BioGeoBEARS_run_object$BioGeoBEARS_model_object@params_table["d","init"] = 0.0
BioGeoBEARS_run_object$BioGeoBEARS_model_object@params_table["d","est"] = 0.0

BioGeoBEARS_run_object$BioGeoBEARS_model_object@params_table["e","type"] = "fixed"
BioGeoBEARS_run_object$BioGeoBEARS_model_object@params_table["e","init"] = 0.0
BioGeoBEARS_run_object$BioGeoBEARS_model_object@params_table["e","est"] = 0.0

BioGeoBEARS_run_object$BioGeoBEARS_model_object@params_table["a","type"] = "free"
BioGeoBEARS_run_object$BioGeoBEARS_model_object@params_table["a","init"] = 0.03
BioGeoBEARS_run_object$BioGeoBEARS_model_object@params_table["a","est"] = 0.03

The model is thus really "BAYAREALIKE+a-d-e", i.e. "the BAYAREALIKE model, plus a, minus d, minus e". Alternatively we could call it the "instantaneous area switching model", the "anagenetic island model", a Markov-k (Mk model), the BEAST discrete phylogeography model with equal rates, the Jukes-Cantor DNA model, or an unordered character model — these are all equivalent. This is, by the way, the model that is being assumed when biogeography is treated as a standard unordered character. If the rates of different range-switches were different free parameters, this would essentially be a DNA GTR model, as in Sanmartin's island-switching paper.

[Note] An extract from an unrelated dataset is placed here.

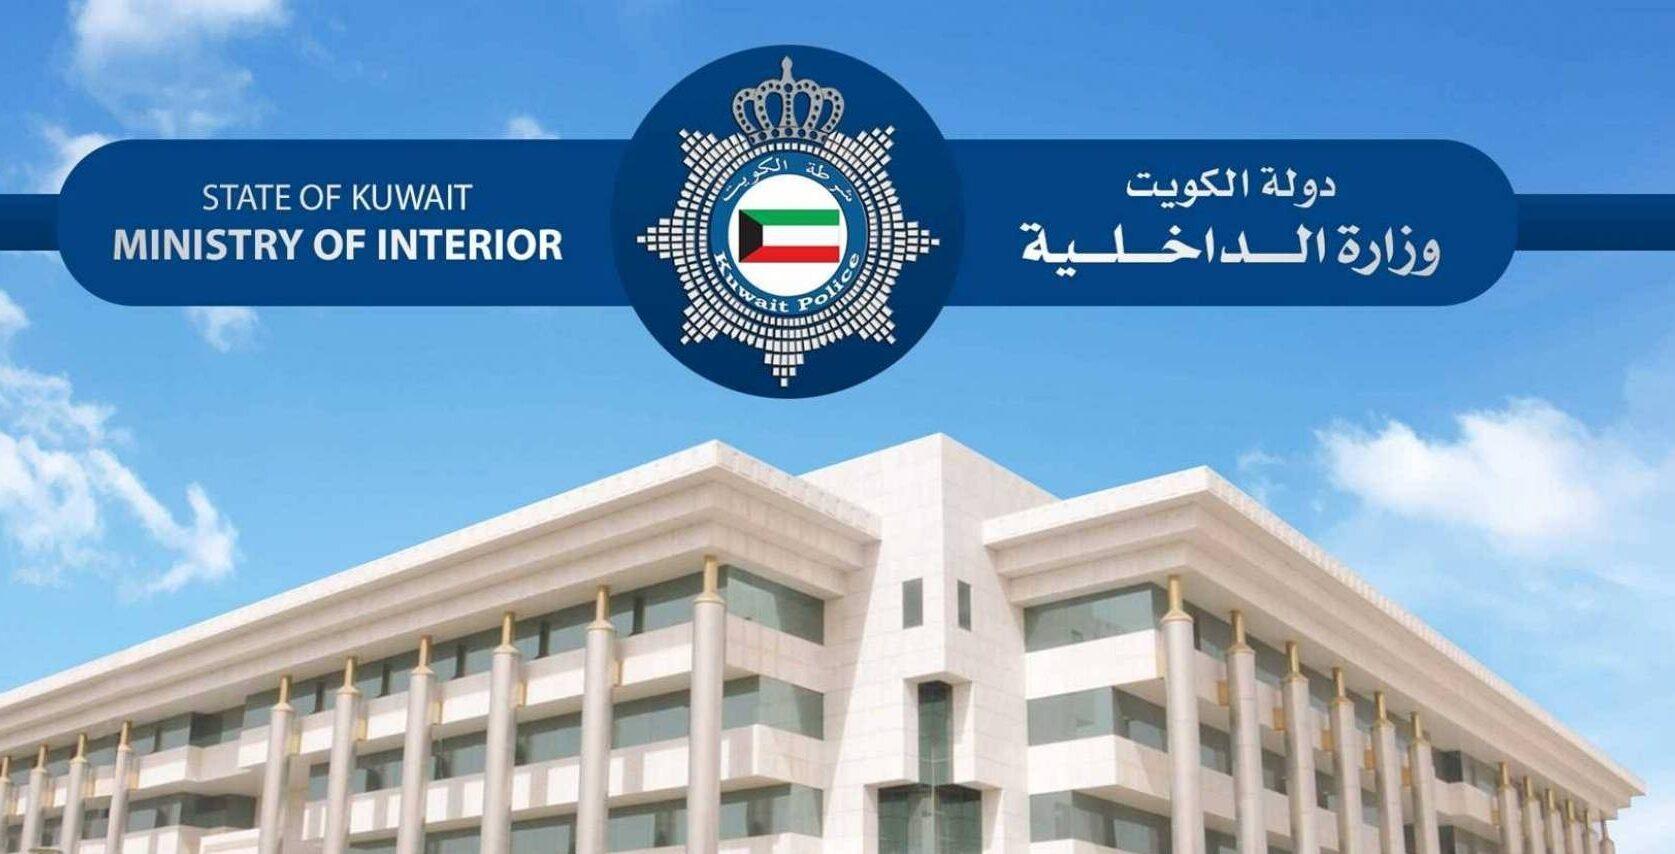 رابط الحصول على تصريح تشييع جنازة الكويت

Comparison of non-stratified BGB state probabilities and non-stratified BGB BSMs

(link to this section)

M0_unconstr_BAYAREALIKE%2Ba_checkBSM_v1_MLunconstr_marginals_allNodes.png
Figure Caption: Comparison of BioGeoBEARS analytic ancestral state/range probability estimates (x-axis), and the probabilities by taking the mean of 200 stochastic maps (y-axis). BioGeoBEARS implementation of the BAYAREALIKE+a-d-e model on the Psychotria dataset, non-stratified. Vertical lines are the 95% confidence intervals under the multinomial distribution (calculated with the multinomialCI function of the MultinomialCI package).

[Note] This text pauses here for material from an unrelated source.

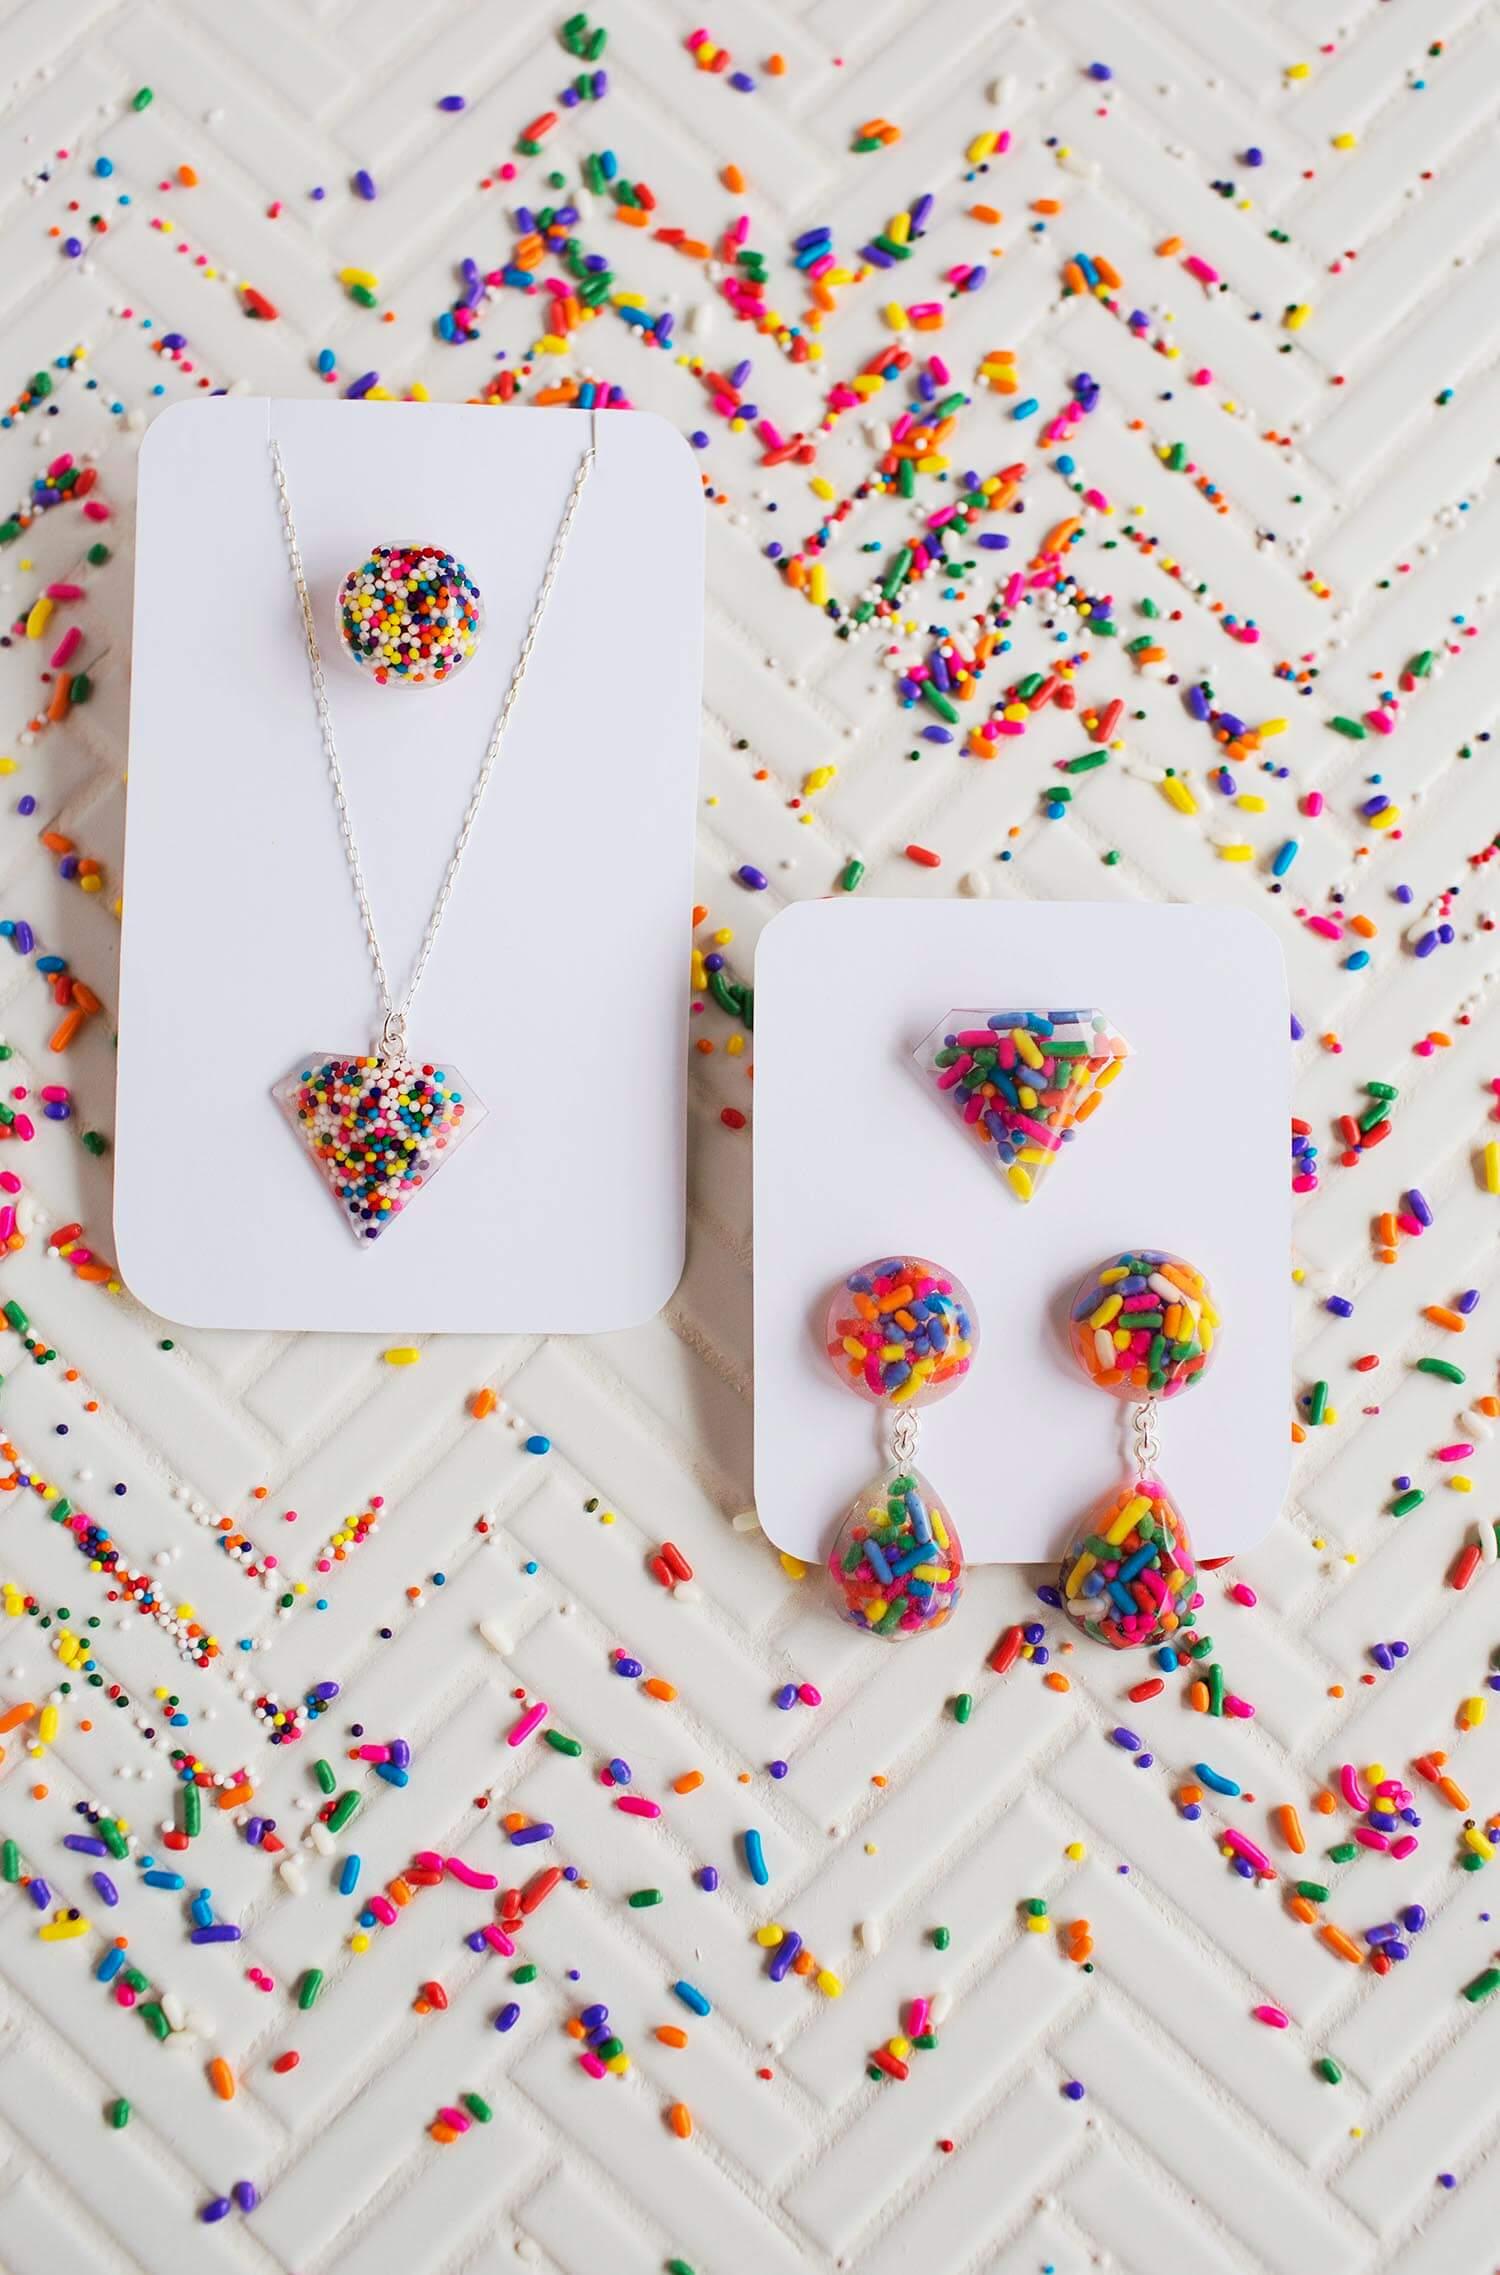 Sprinkle Epoxy Resin Jewelry

Comparison of phytools state probabilities and non-stratified BGB BSMs

(link to this section)

We can also compare the average of many stochastic maps to the analytic ancestral state probability estimates as estimated by the phytools function rerootingMethod.

M0_unconstr_BAYAREALIKE%2Ba_checkBSMunconstr_v1_phytools_rerootingMethod_allNodes.png

Figure Caption: Comparison of phytools rerootingMethod analytic ancestral state/range probability estimates (x-axis), and the probabilities by taking the mean of 200 stochastic maps (y-axis). BioGeoBEARS implementation of the BAYAREALIKE+a-d-e model on the Psychotria dataset, non-stratified. Vertical lines are the 95% confidence intervals under the multinomial distribution (calculated with the multinomialCI function of the MultinomialCI package).

This graphic is the same as the previous one, because the same set of stochastic maps is being used for the y-axis, and it turns out that the phytools rerootingMethod ancestral state probabilities are nearly identical to the BioGeoBEARS ancestral state probabilities.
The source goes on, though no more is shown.